Top of INPUT FOR THIS TASK

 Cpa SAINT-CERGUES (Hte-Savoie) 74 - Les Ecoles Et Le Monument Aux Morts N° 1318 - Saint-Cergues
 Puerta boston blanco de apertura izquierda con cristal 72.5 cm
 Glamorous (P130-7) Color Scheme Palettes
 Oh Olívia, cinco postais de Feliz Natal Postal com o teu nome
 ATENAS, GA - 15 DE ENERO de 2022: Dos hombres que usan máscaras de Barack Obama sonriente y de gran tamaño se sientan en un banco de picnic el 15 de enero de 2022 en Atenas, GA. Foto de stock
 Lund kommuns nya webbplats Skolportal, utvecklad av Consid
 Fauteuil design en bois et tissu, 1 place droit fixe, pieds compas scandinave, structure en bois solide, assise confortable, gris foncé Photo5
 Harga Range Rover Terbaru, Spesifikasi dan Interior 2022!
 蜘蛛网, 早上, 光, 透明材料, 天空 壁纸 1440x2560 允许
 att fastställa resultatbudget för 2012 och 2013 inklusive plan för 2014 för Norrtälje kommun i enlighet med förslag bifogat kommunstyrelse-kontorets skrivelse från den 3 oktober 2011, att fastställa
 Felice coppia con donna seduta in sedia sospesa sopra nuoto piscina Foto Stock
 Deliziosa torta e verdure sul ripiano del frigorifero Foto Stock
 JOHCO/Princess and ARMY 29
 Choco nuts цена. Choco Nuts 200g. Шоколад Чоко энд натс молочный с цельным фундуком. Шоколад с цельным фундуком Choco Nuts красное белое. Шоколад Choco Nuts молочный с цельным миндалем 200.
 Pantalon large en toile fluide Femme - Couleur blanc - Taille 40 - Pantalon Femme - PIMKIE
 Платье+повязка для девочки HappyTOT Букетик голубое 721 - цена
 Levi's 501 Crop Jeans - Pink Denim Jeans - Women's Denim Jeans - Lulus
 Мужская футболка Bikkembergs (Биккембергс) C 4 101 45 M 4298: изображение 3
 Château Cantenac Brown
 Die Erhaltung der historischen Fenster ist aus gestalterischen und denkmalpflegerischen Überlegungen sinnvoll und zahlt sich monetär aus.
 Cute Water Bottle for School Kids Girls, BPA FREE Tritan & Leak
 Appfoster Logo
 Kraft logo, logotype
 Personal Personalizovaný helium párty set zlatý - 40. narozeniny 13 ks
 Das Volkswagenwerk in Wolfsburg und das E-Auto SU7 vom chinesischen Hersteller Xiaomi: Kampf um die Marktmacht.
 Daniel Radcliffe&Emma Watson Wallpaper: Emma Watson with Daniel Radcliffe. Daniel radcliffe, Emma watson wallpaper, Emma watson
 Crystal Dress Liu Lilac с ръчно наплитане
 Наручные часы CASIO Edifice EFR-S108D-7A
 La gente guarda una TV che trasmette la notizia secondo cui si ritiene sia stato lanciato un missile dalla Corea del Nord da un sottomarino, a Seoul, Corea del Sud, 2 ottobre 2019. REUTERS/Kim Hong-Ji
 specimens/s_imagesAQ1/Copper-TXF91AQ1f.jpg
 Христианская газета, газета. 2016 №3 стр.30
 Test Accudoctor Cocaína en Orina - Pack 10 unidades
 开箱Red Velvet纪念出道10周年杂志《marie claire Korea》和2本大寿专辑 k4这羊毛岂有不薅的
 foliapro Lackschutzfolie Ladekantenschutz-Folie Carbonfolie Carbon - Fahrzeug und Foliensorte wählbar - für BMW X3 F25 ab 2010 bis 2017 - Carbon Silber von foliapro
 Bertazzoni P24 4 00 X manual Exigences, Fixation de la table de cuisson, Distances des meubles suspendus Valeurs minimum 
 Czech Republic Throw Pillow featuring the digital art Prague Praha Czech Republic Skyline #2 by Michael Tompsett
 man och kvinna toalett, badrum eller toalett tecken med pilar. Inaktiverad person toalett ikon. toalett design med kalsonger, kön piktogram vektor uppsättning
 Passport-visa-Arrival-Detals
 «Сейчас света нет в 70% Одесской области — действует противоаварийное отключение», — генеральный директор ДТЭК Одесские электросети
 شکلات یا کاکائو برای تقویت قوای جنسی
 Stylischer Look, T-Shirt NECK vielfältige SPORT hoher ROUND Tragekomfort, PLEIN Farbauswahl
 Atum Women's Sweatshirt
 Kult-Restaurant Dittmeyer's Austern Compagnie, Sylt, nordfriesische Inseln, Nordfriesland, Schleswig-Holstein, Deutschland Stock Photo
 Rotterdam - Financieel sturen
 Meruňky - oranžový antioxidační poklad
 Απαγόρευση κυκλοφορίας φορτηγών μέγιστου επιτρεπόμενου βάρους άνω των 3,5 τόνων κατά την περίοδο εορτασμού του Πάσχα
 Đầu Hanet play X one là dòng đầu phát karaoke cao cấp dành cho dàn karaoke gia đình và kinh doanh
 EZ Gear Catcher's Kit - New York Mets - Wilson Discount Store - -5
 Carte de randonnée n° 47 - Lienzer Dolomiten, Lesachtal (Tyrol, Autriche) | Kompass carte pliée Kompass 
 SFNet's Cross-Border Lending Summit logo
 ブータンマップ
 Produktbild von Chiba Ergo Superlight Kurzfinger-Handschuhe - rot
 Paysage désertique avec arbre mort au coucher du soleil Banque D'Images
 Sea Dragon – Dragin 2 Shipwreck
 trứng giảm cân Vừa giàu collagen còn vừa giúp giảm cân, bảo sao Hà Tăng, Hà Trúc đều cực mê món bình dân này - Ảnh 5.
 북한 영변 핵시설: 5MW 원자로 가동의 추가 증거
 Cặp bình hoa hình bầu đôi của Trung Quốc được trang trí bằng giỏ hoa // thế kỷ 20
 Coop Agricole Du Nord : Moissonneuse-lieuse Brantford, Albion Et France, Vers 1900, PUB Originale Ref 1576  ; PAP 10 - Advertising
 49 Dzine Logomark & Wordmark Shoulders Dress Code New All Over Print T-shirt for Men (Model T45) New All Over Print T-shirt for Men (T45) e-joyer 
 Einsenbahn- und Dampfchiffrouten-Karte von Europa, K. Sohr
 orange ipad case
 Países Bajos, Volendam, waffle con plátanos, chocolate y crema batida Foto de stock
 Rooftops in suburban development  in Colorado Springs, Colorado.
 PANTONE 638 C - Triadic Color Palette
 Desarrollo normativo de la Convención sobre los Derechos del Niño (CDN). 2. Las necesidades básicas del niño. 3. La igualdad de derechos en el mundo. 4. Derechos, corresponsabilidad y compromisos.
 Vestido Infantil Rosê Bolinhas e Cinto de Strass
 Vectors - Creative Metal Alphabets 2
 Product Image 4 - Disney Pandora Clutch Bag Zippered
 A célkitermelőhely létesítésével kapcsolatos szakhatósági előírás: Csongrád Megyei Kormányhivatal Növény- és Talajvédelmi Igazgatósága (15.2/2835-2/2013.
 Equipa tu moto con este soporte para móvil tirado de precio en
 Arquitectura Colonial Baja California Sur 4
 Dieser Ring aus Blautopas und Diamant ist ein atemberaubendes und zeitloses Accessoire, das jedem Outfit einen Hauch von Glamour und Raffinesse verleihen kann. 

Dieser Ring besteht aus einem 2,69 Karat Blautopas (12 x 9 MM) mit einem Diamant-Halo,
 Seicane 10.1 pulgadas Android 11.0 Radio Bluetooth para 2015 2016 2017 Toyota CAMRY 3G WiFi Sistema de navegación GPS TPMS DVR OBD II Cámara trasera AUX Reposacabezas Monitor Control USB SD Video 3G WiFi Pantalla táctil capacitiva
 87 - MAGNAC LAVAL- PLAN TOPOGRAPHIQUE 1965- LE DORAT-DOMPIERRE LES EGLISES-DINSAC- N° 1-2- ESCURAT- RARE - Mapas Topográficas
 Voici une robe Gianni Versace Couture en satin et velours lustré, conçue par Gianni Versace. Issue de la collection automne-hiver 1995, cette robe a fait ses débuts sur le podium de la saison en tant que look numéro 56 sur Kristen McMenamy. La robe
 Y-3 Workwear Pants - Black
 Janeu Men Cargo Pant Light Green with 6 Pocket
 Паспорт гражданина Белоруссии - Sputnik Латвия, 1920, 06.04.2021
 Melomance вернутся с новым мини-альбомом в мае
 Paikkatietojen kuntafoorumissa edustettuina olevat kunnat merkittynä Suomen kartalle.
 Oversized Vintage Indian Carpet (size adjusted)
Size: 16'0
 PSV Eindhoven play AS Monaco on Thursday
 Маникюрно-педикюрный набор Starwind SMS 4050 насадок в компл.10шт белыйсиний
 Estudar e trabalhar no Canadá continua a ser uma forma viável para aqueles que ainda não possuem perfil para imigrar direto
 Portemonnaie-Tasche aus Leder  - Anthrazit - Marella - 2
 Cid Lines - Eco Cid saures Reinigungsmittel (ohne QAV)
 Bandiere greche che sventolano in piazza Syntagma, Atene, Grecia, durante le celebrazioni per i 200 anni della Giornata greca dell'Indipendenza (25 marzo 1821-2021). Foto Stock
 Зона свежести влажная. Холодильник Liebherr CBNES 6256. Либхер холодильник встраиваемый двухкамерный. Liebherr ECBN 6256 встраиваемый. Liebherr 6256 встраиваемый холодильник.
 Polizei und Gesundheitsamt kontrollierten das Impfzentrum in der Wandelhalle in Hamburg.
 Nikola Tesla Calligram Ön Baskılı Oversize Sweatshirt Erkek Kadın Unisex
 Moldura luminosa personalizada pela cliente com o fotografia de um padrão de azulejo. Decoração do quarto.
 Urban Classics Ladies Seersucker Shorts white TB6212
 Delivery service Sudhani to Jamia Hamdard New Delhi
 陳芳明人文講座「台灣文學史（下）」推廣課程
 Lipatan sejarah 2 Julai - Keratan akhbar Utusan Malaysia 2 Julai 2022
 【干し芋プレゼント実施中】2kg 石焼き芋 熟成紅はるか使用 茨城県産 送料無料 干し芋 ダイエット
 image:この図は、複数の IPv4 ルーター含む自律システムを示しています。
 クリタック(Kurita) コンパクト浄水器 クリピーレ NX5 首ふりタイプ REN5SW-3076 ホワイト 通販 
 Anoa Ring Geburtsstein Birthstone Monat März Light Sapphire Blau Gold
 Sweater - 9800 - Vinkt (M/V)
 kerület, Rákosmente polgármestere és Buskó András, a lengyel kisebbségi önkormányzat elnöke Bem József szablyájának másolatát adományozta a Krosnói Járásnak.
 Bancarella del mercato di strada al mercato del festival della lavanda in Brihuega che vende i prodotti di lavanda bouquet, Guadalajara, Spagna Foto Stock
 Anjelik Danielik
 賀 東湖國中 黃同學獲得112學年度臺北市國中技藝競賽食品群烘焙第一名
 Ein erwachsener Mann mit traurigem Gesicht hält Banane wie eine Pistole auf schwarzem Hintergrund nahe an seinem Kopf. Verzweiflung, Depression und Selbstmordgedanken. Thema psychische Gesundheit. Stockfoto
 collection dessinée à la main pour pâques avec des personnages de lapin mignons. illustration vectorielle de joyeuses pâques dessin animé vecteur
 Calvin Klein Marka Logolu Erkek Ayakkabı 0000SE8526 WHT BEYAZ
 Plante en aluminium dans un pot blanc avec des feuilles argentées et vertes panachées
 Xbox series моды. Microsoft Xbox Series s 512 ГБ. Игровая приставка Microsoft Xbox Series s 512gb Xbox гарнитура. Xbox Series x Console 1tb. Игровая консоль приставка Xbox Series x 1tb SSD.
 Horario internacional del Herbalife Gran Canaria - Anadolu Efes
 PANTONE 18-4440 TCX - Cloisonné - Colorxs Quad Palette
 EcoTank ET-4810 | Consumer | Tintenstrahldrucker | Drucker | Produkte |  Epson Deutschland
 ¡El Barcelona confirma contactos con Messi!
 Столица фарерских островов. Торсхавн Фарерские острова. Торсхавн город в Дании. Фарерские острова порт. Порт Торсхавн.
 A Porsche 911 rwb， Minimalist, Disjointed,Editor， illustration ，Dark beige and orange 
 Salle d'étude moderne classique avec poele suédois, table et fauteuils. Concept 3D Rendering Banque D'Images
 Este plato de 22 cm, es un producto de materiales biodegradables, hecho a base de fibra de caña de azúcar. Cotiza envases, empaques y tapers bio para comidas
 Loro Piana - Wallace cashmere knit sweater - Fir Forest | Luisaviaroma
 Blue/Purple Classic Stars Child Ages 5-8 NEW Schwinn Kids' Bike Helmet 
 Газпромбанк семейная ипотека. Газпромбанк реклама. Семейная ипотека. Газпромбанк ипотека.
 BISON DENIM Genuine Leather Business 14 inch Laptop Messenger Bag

Bottom of INPUT FOR THIS TASK

WHAT THE TASK ASKS
Beginning at the first line of the records, retype exactly every line up to and including the one with "Deliziosa torta e".

RESPONSE TO THIS TASK
 Cpa SAINT-CERGUES (Hte-Savoie) 74 - Les Ecoles Et Le Monument Aux Morts N° 1318 - Saint-Cergues
 Puerta boston blanco de apertura izquierda con cristal 72.5 cm
 Glamorous (P130-7) Color Scheme Palettes
 Oh Olívia, cinco postais de Feliz Natal Postal com o teu nome
 ATENAS, GA - 15 DE ENERO de 2022: Dos hombres que usan máscaras de Barack Obama sonriente y de gran tamaño se sientan en un banco de picnic el 15 de enero de 2022 en Atenas, GA. Foto de stock
 Lund kommuns nya webbplats Skolportal, utvecklad av Consid
 Fauteuil design en bois et tissu, 1 place droit fixe, pieds compas scandinave, structure en bois solide, assise confortable, gris foncé Photo5
 Harga Range Rover Terbaru, Spesifikasi dan Interior 2022!
 蜘蛛网, 早上, 光, 透明材料, 天空 壁纸 1440x2560 允许
 att fastställa resultatbudget för 2012 och 2013 inklusive plan för 2014 för Norrtälje kommun i enlighet med förslag bifogat kommunstyrelse-kontorets skrivelse från den 3 oktober 2011, att fastställa
 Felice coppia con donna seduta in sedia sospesa sopra nuoto piscina Foto Stock
 Deliziosa torta e verdure sul ripiano del frigorifero Foto Stock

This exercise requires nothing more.